Comparable preferences need expanding to encompass Philadelphia residents particularly for working on city funded construction projects.

Some members of City Council favor such a local jobs preference but this kind of approach to addressing unemployment is bitterly opposed by construction trades union and their backers in the contracting industry.

Decades of racial discrimination and geographic exclusion in construction industry employment practices underlie the periodic push for local preference jobs legislation now compounded by the poor economic climate.

And efforts to obtain and operate local hiring preferences historically trigger the trades union and their contractor allies to launch battles (legal/lobbying) to kill such legislation by ironically claiming such legislation discriminates against them … the original discriminators.

In another irony for the Republican Party usually is the political champions opposing local preference and affirmative action programs yet a local preference embedded in Philadelphia’s City Charter has enabled Republicans to serve as At-Large members of City Council since the early 1950s.

The City Charter in Article II, Chapter I, Section 2-201 reserves two of the seven At-Large Council seats for Republican Party.

If Republicans were required to win At-Large elections on majority votes they would usually fall short due to Philadelphia’s registration disparity were Democrats far outnumber Republicans.

In the 2011 primary election, for example, three Democratic At-Large candidates garnered more votes than the two Republican At-Large candidates that ended up on Council.

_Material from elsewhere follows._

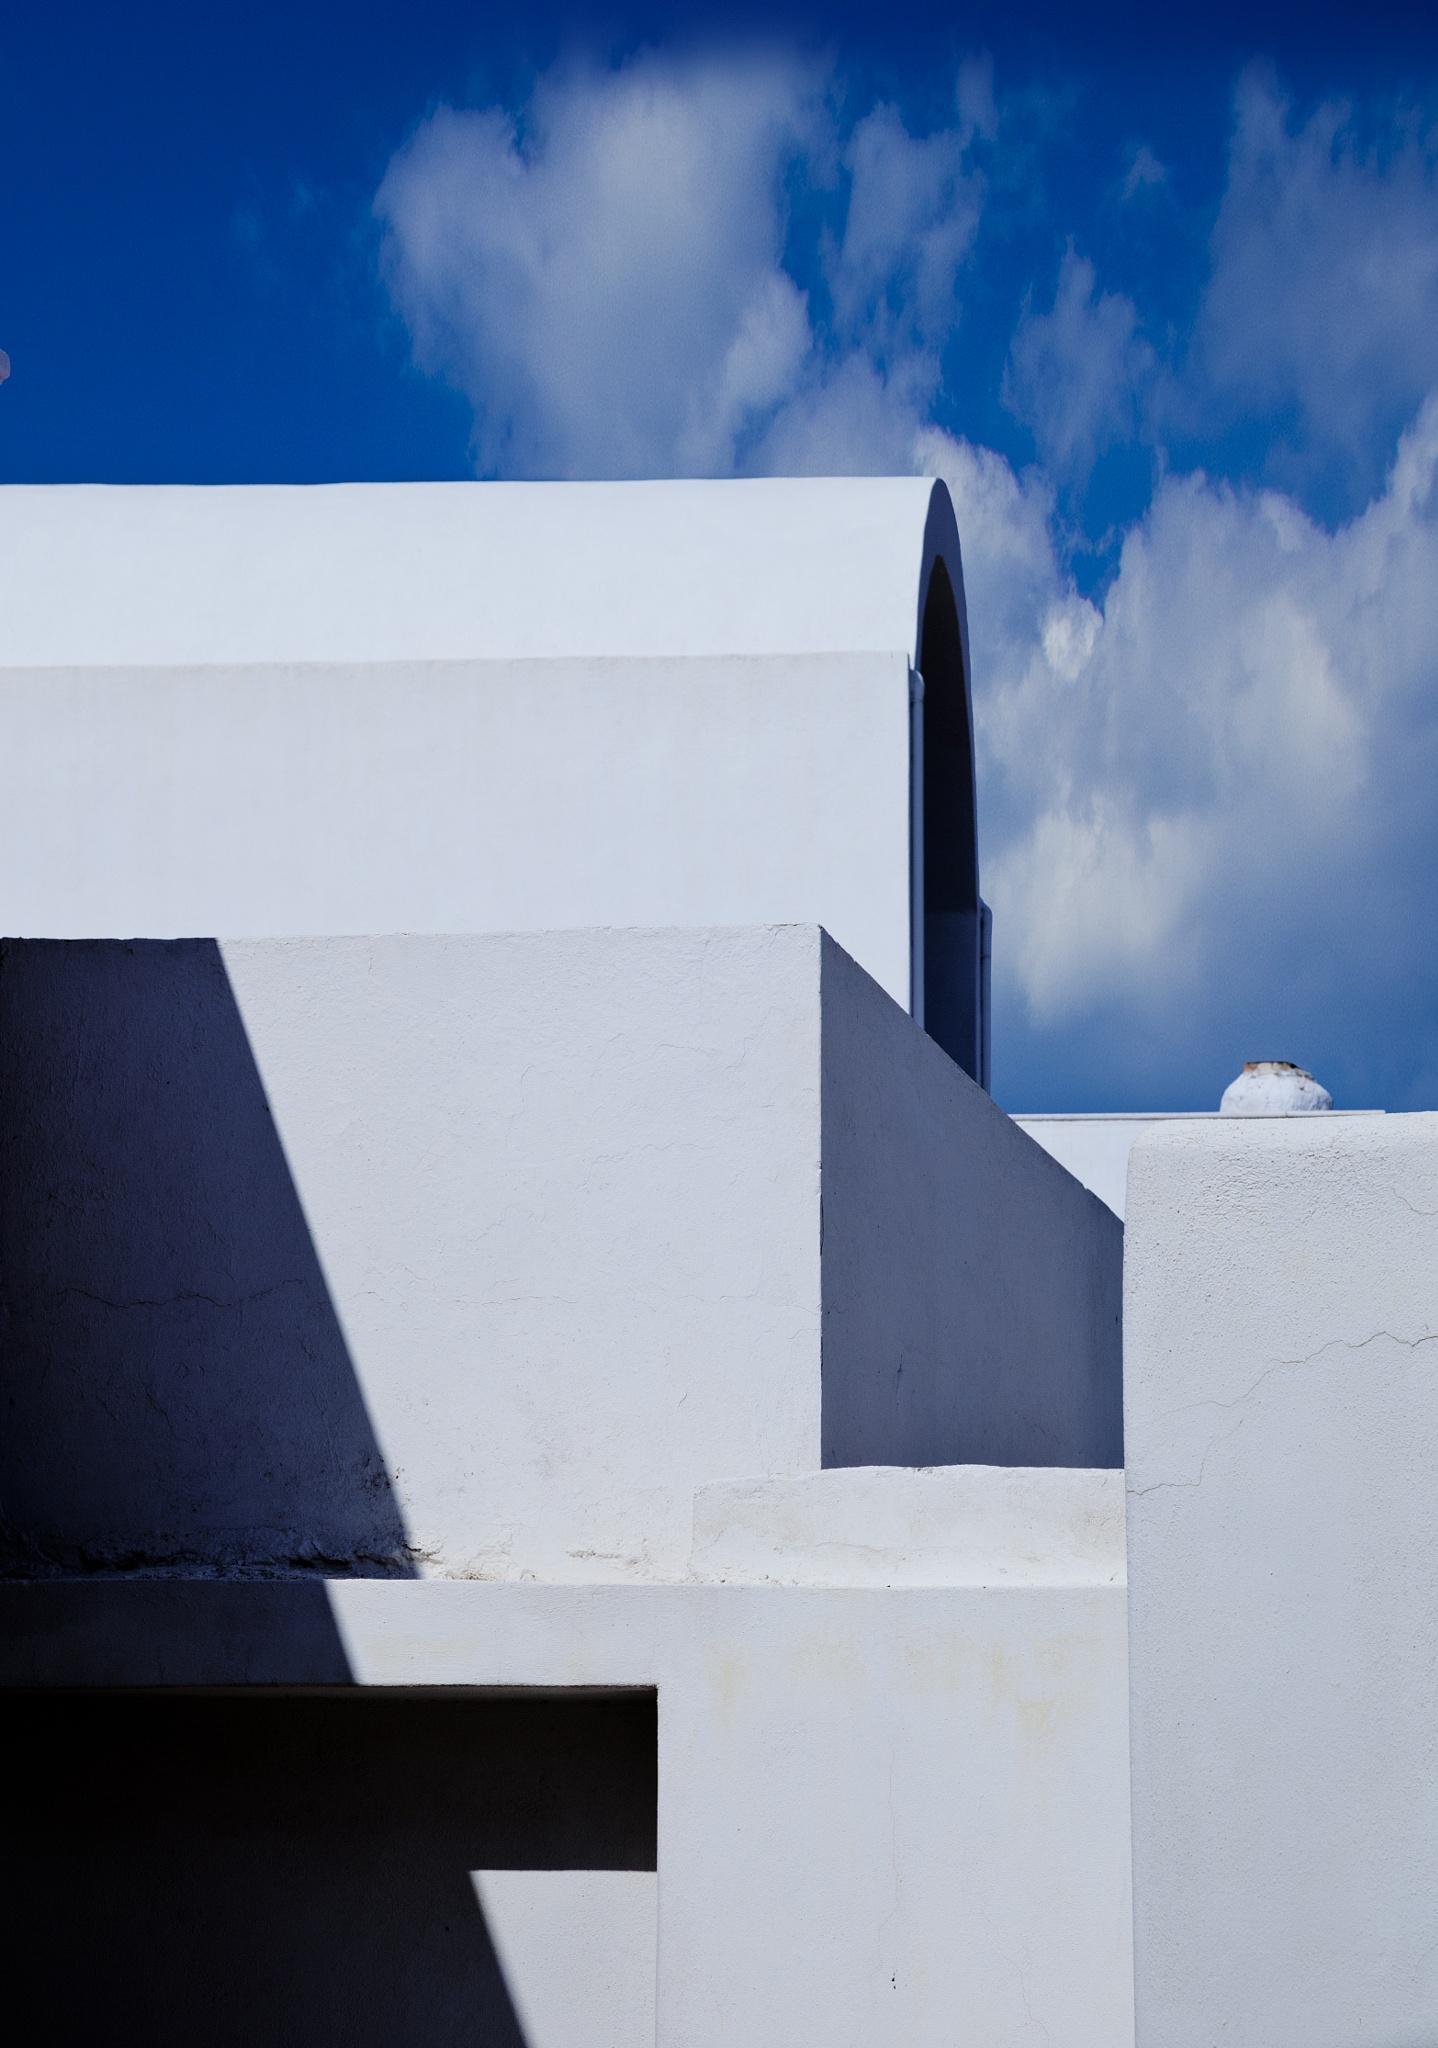 Santorini by Leroy

The purpose for that Council-related Charter preference is to ensure bi-partisan representation in that body, a need as laudable as employment preference for Philadelphia residents.

 

Linn Washington Jr. is a graduate of the Yale Law Journalism Fellowship Program.

1 comment

  • Missy

    Linn,
    You didn't mention, in your bit about the Water Revenue Bureau, the shutoffs from what amounts to corporate extortion: Estimated billing "corrected" by multiplying an actual reading several times, and then insisting that the "corrected" bill must be paid before restoration. I was stunned when a meter-reader told me that was standard practice!